Input data —
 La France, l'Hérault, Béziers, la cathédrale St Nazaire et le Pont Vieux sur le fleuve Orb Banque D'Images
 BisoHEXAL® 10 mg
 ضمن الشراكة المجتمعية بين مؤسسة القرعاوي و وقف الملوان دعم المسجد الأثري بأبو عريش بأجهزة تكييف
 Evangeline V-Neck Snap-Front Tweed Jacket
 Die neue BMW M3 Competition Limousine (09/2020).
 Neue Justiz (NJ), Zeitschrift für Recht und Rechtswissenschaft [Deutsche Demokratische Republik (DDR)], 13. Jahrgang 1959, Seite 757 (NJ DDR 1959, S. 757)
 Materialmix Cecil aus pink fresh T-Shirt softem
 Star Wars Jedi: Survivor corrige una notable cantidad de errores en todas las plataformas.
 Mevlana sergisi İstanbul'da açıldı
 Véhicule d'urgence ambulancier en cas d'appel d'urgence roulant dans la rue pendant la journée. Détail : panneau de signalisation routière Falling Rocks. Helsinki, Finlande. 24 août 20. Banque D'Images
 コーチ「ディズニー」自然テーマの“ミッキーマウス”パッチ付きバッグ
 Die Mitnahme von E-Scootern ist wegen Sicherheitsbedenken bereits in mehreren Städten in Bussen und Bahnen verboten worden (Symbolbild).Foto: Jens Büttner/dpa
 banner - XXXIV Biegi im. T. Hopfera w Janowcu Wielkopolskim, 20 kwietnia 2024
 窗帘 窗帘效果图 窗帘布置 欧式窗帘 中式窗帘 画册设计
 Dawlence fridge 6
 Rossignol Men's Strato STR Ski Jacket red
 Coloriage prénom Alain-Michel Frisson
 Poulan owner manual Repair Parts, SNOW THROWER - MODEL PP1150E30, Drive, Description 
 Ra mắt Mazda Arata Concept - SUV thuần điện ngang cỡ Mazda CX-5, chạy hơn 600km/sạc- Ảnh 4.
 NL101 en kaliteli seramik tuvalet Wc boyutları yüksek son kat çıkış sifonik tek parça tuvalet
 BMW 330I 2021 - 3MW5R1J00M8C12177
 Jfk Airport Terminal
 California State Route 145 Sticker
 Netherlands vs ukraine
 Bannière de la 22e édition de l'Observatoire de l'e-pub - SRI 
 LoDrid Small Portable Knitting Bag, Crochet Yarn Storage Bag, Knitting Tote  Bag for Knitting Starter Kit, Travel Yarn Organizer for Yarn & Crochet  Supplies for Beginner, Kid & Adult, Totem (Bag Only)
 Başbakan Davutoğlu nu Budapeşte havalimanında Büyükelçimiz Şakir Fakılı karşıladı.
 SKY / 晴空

Problem to work on — Search the data above for the word "Images" and report how many lines contain it, with nothing further.

Solution to the problem — 2